Hello, my name is Grigory. I am a Java developer with 15+ experience.
In my work I use Intellij IDEA as IDE and Maven as build tool for most projects. During my work, I had to deal with problems when a Maven project was successfully assembled via the command line, but was not imported into IDEA. Typically, such problems occur when additional plugins are used to resolve dependencies. For example: eclipse OSGI project (but not only). Therefore, let me introduce you to my plugin for working with Maven for IDEA - GMaven, which is designed to solve this problem.
IDEA Bundled Maven-plugin problems
I am familiar with the source codes of the IDEA bundled Maven-plugin (IBMP). IBMP for resolving dependencies and obtaining project models uses its own custom process, which is somewhat reminiscent of a maven daemon. It is built from low-level Maven service components: ProjectBuilder, ModelInterpolator, ProjectDependenciesResolver and etc.

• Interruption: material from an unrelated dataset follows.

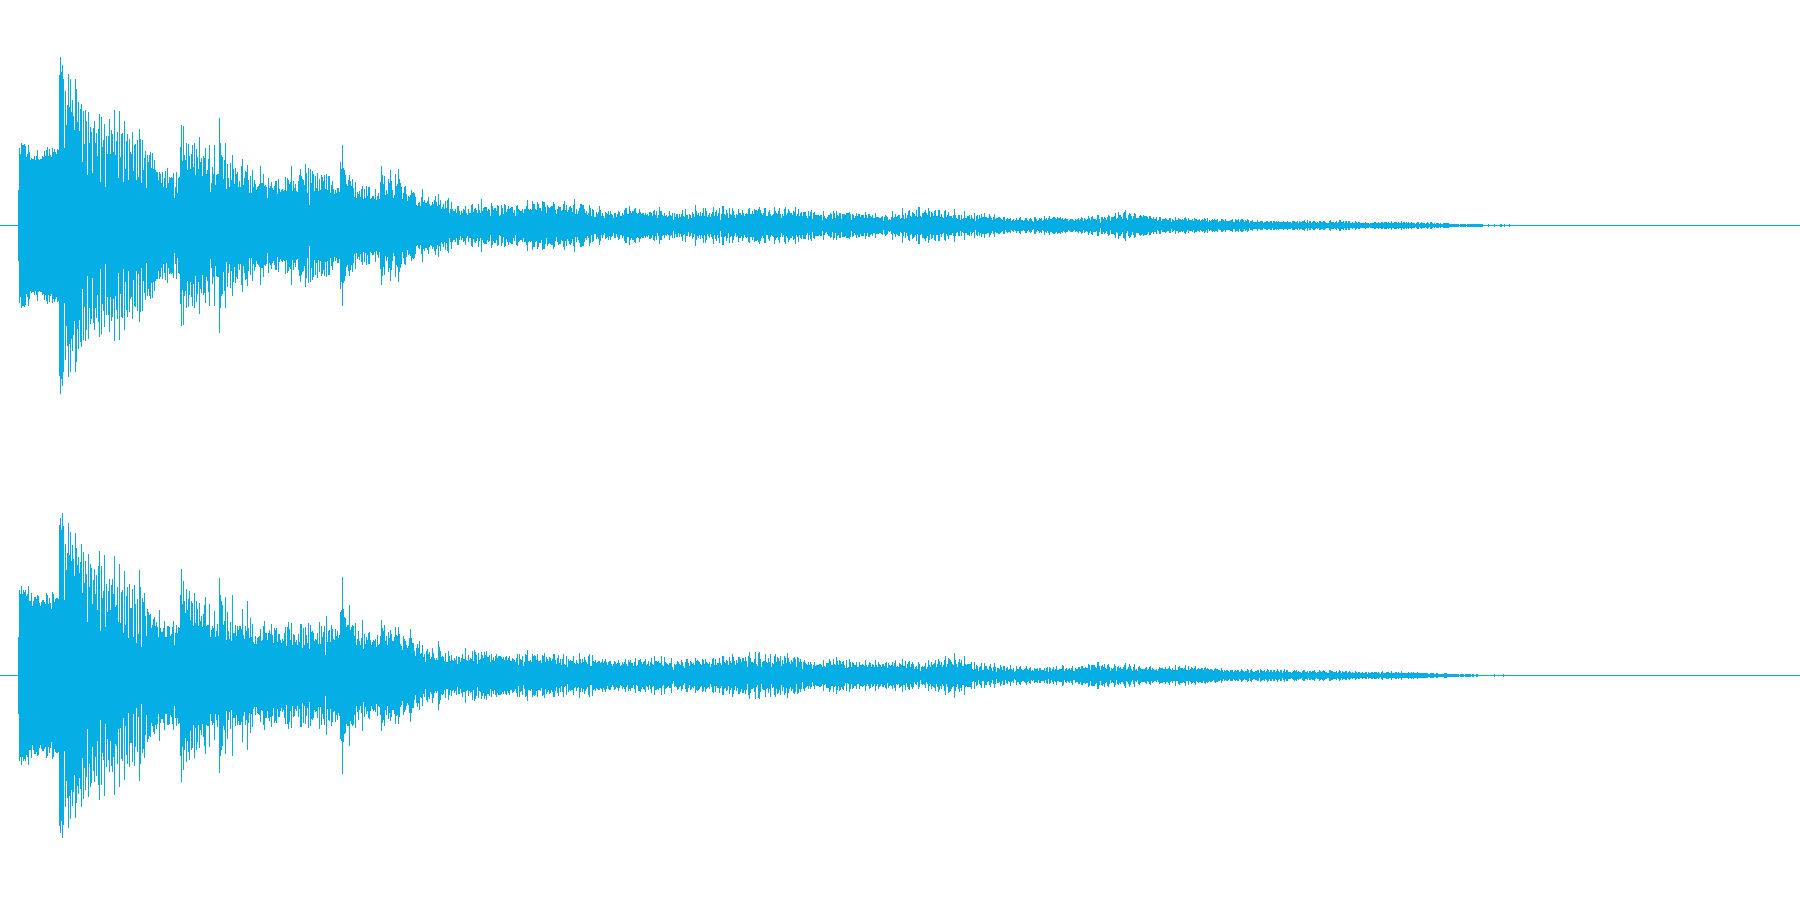 KANT近未来ジングル011041の再生済みの波形

Due to complete customization and reuse of the their Maven process, they received the following advantages:
- the process is more lightweight than the original maven;
- due to this, the speed of resolving dependencies and obtaining a projects model is higher;
- it's easier to add features for the IDE.

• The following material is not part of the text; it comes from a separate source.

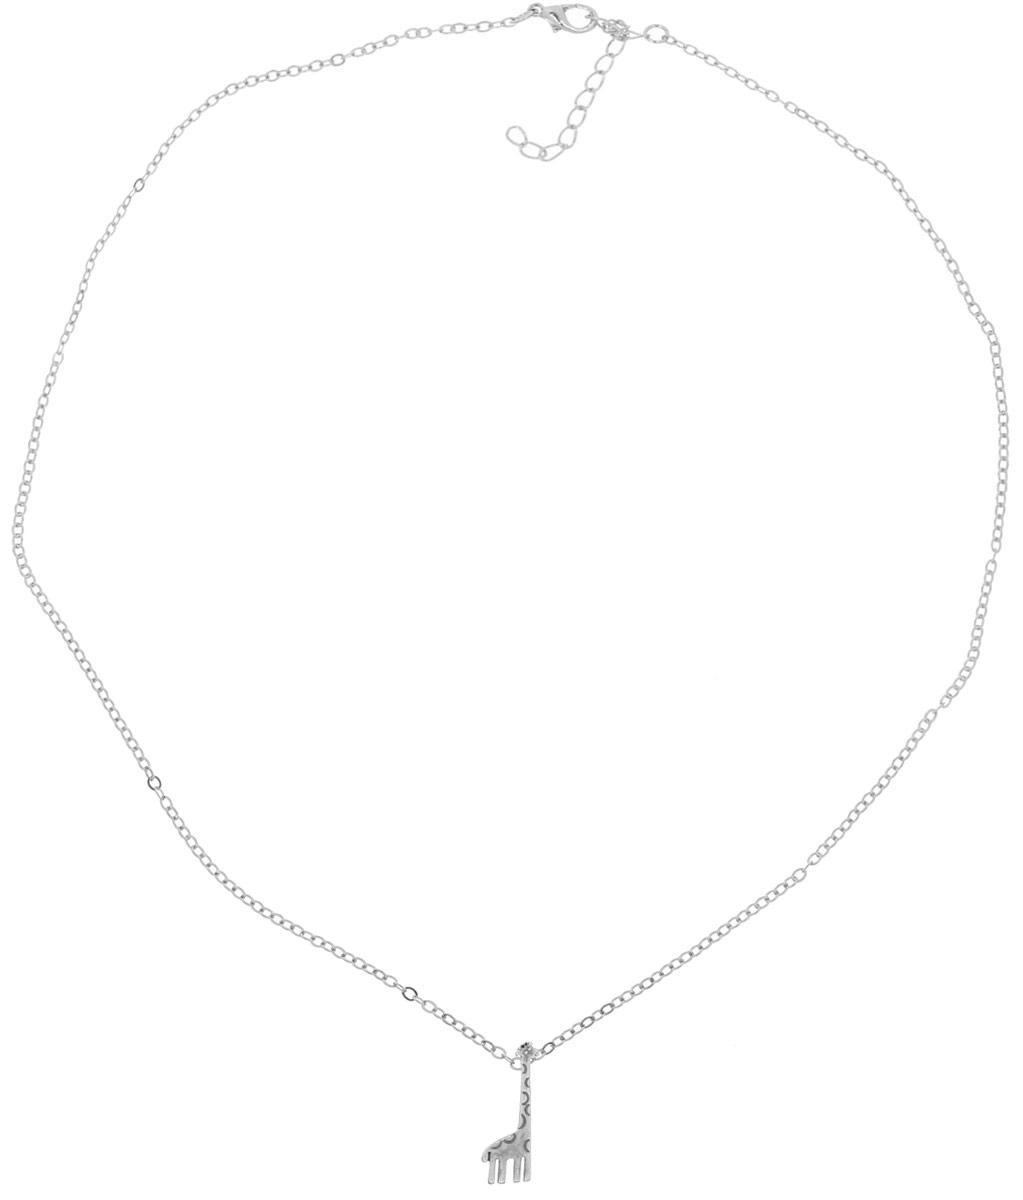 Jenavi, Коллекция Young 2, Цила (Кулон), цвет - сереброf6603990Коллекция Young 2, Цила (Кулон) гипоаллергенный ювелирный сплав,Черненое серебро, вставка без вставок, цвет - серебро

But there are also problems:
- If a new features appears in Maven, then as a rule you have to manually add it to IBMP process;
- Maven changes frequently inside - method signatures changes, new classes appear. This causes backward compatibility problems (recent problems: maven3.8.5, maven4.0-aplha5, maven4.0-aplha7, Maven 4: Cannot sync a project using model version 4.1.0).
- hard to maintain;
To summarize, we can say that the main problem is IBMP that its process for resolving dependencies differs from the original Maven process when launched via the command line.
My idea
So I had an idea - why not resolve the project's dependencies using a native Maven plugin and thereby use the full original Maven lifecycle.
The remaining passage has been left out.